Using the entries that follow, transcribe only the lines from the line with "Shorts facial teen pictures" to the line with "a case study of school", both included, exactly as they stand and without pictures.
BEGIN DATA IN THIS EXERCISE
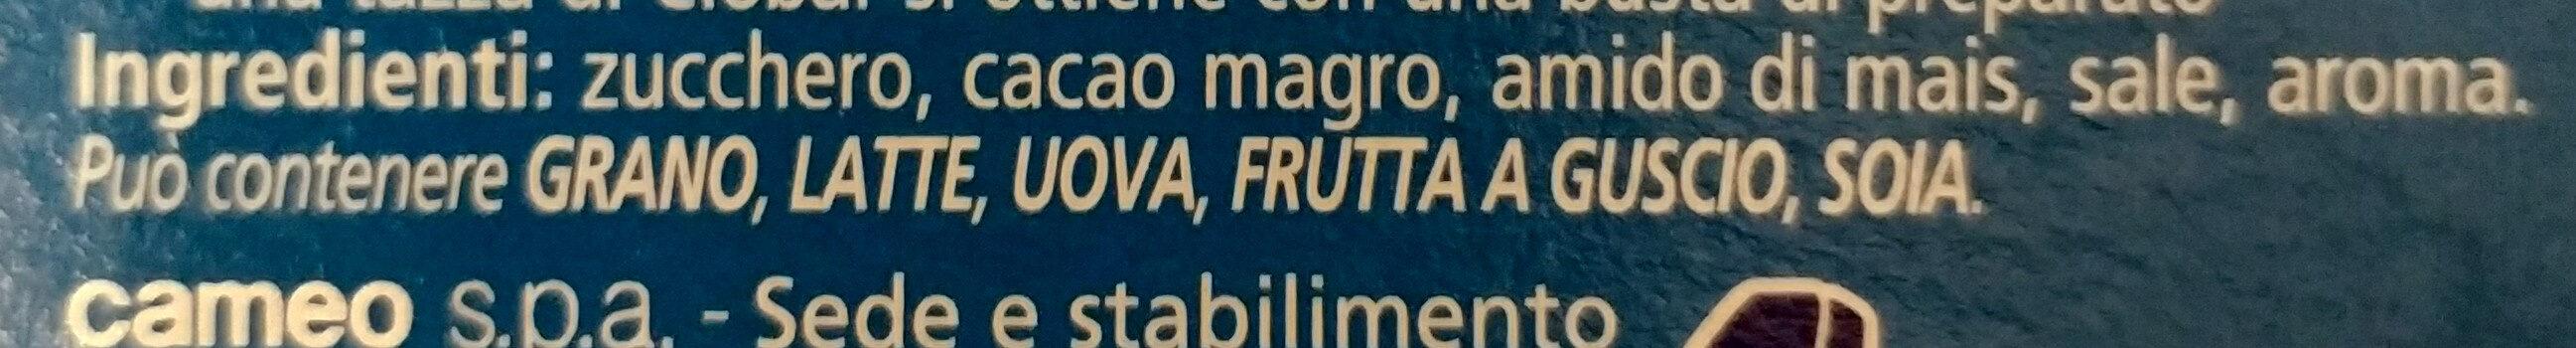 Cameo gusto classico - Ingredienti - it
END DATA IN THIS EXERCISE
BEGIN DATA IN THIS EXERCISE
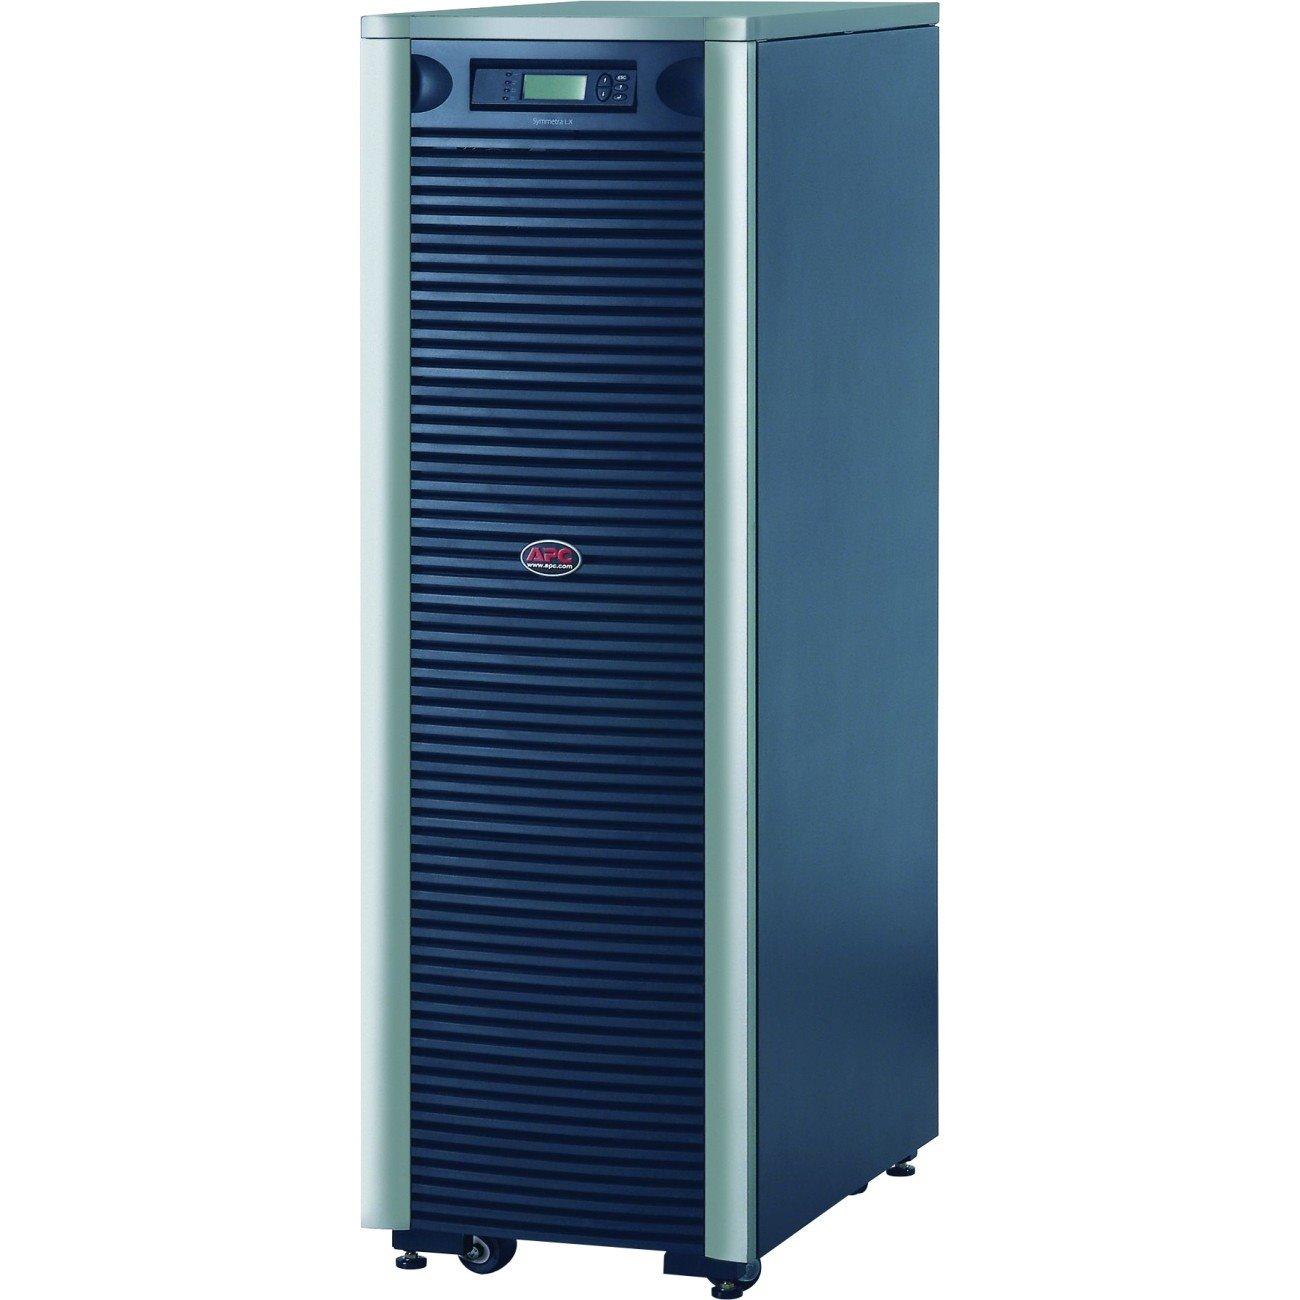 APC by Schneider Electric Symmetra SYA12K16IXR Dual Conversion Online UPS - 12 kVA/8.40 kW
END DATA IN THIS EXERCISE
BEGIN DATA IN THIS EXERCISE
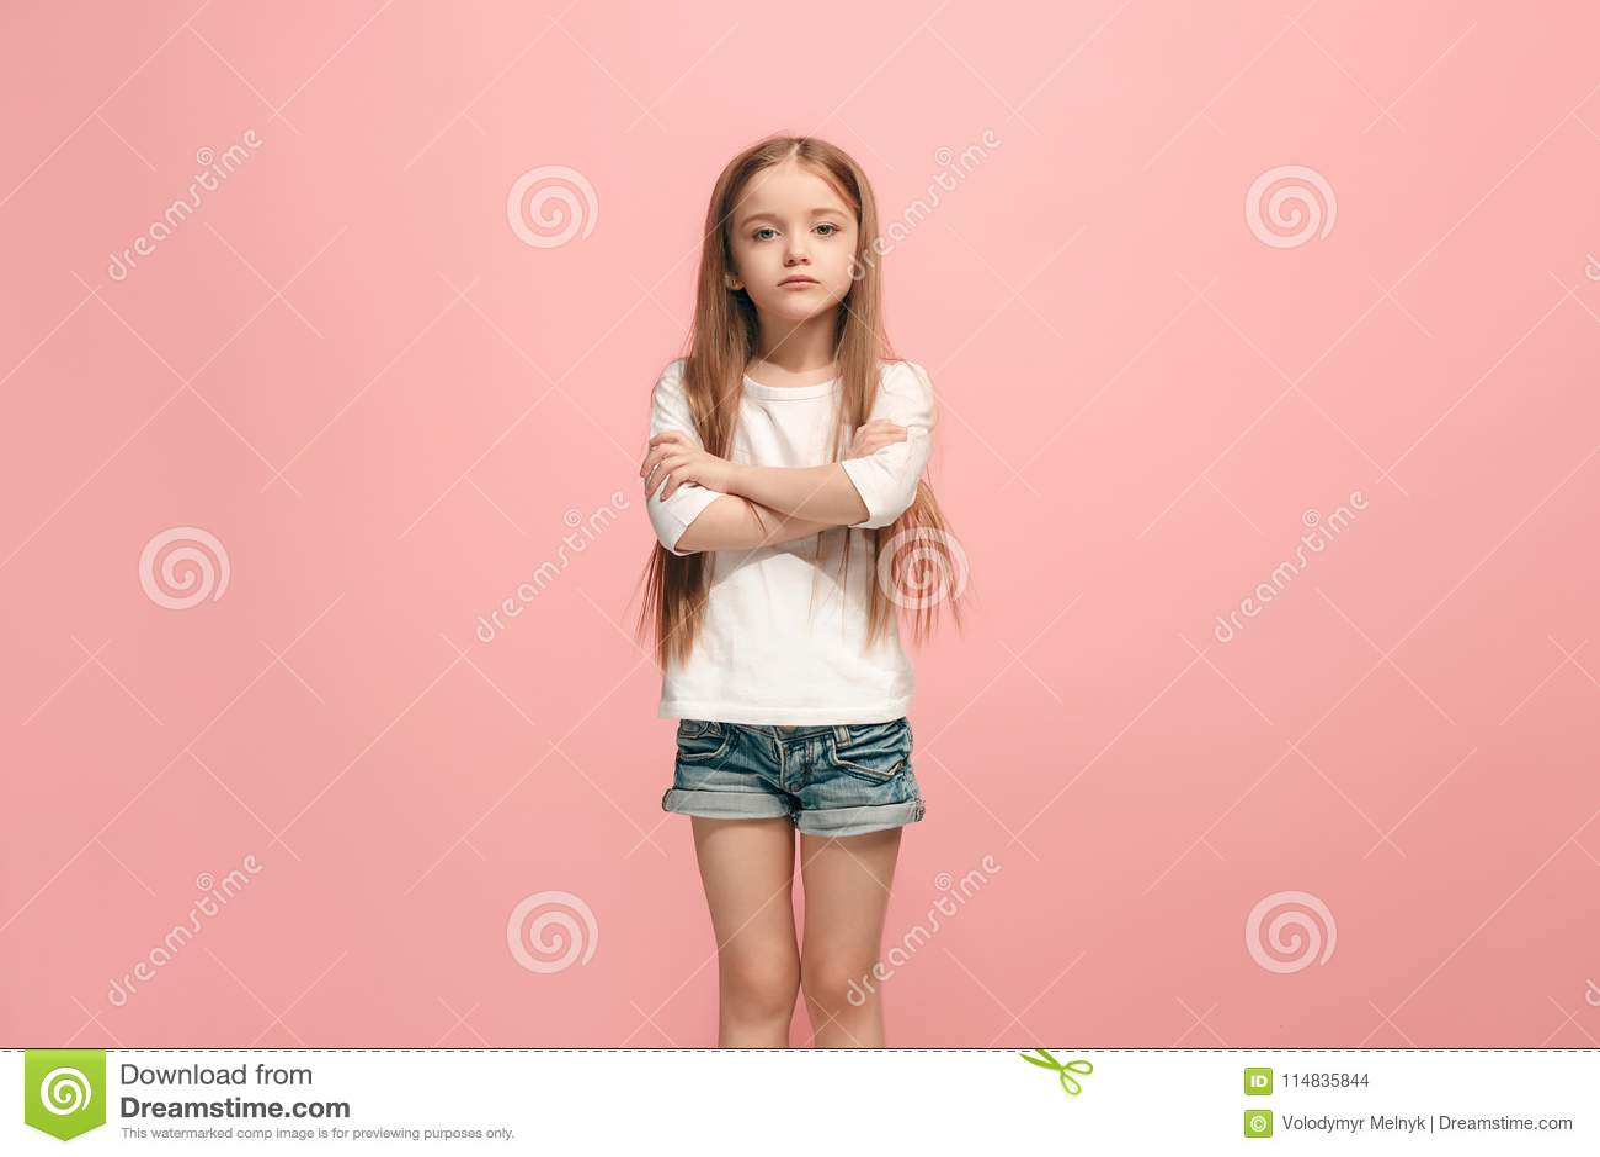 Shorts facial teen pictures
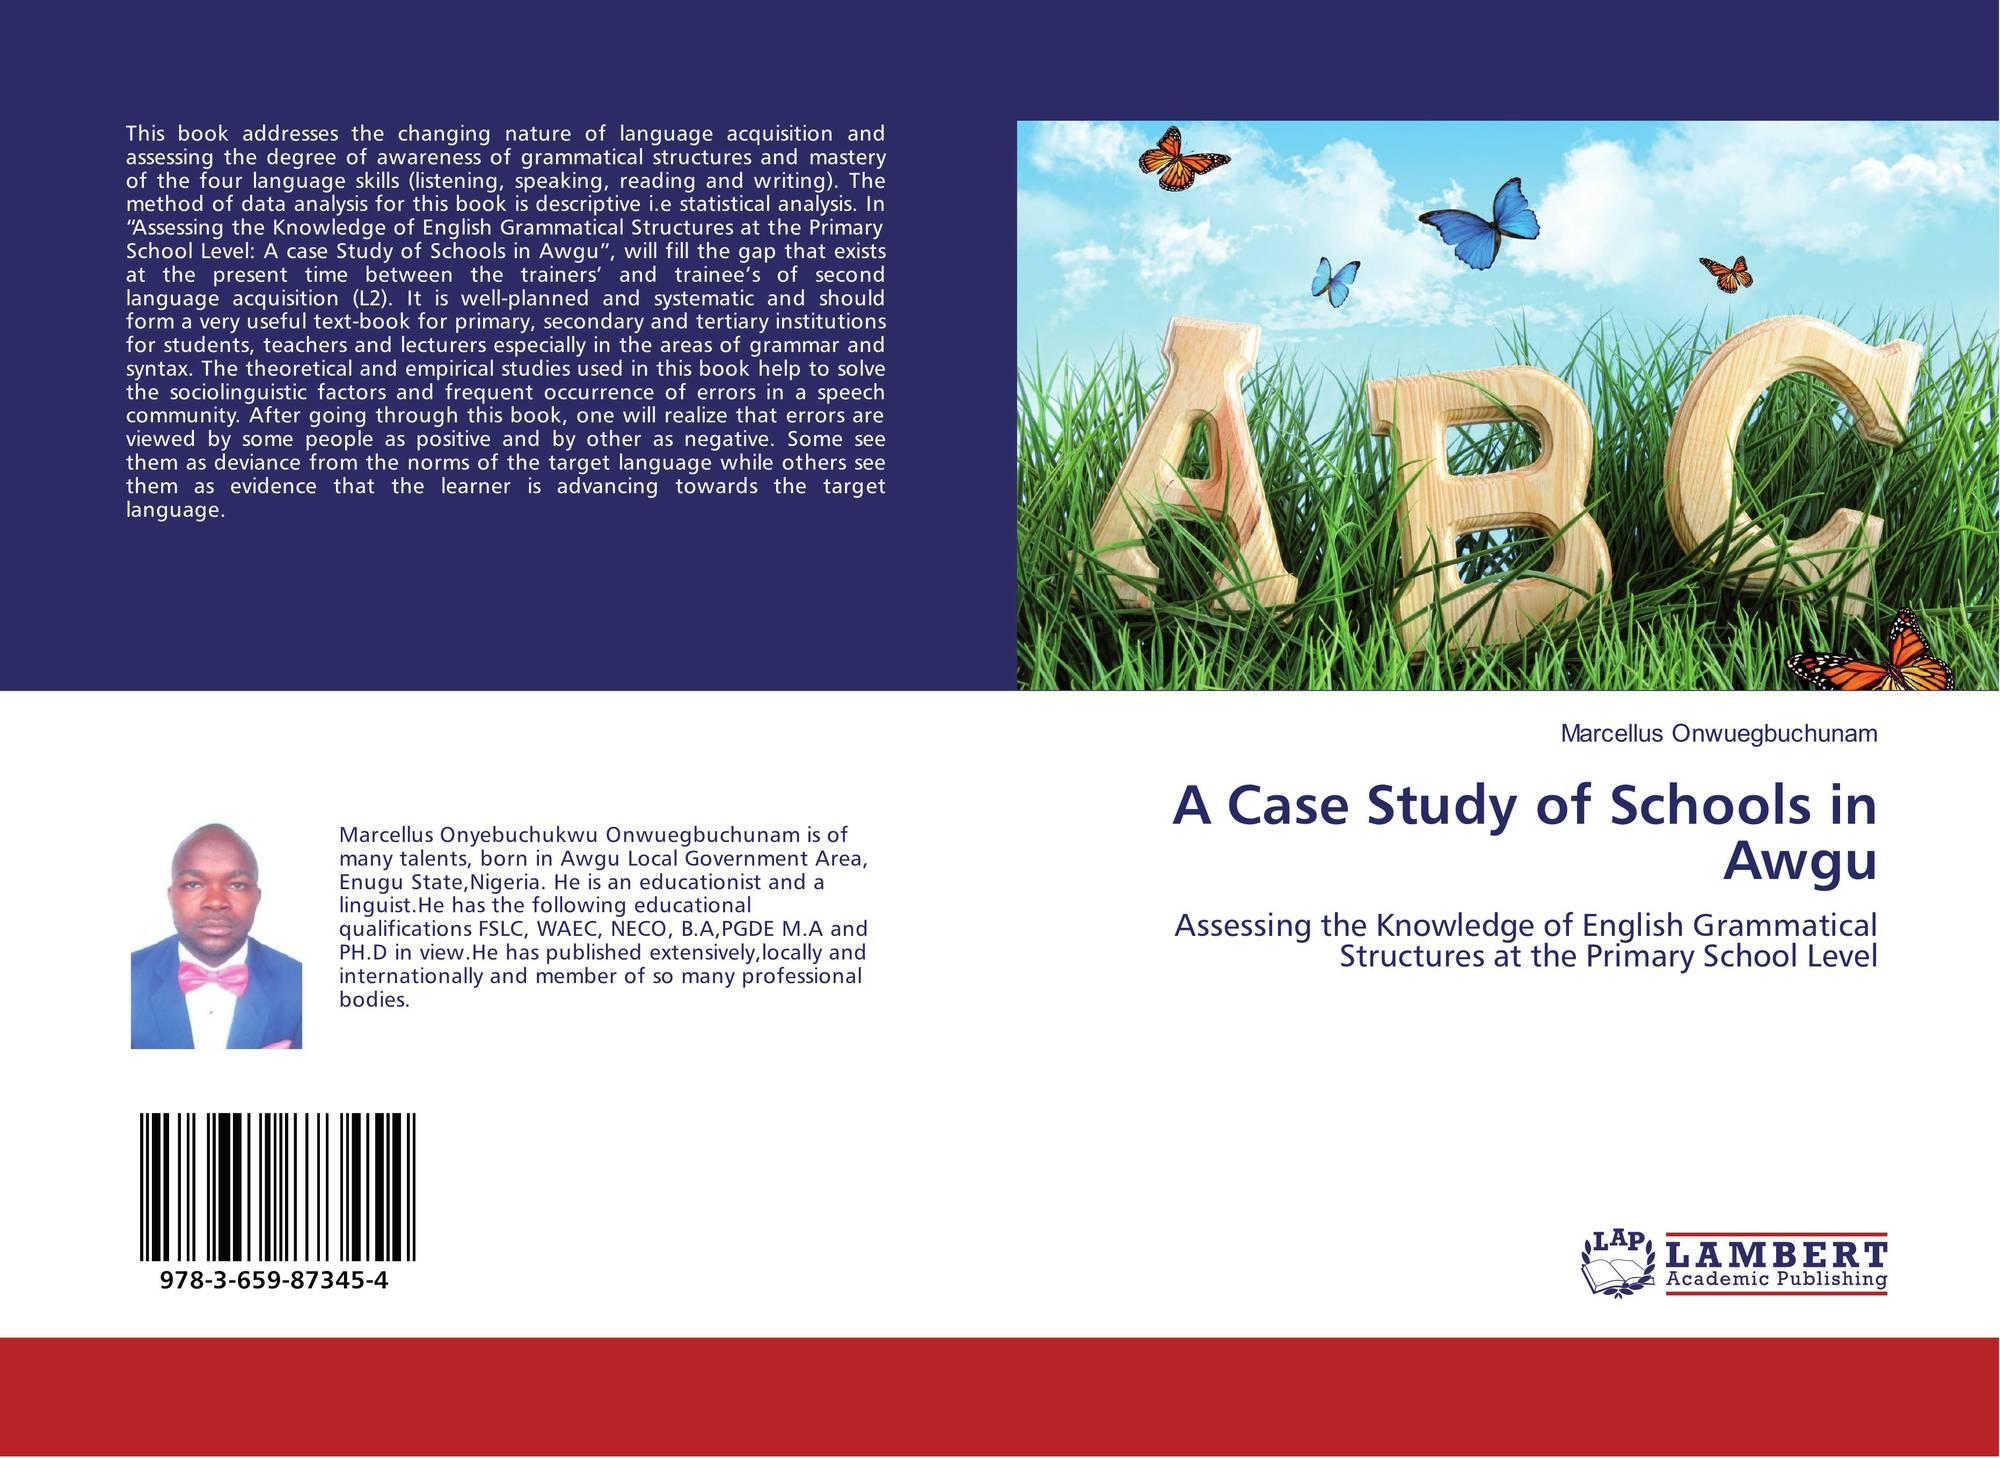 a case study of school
END DATA IN THIS EXERCISE
### PROBLEM SOLUTION
 Shorts facial teen pictures
 a case study of school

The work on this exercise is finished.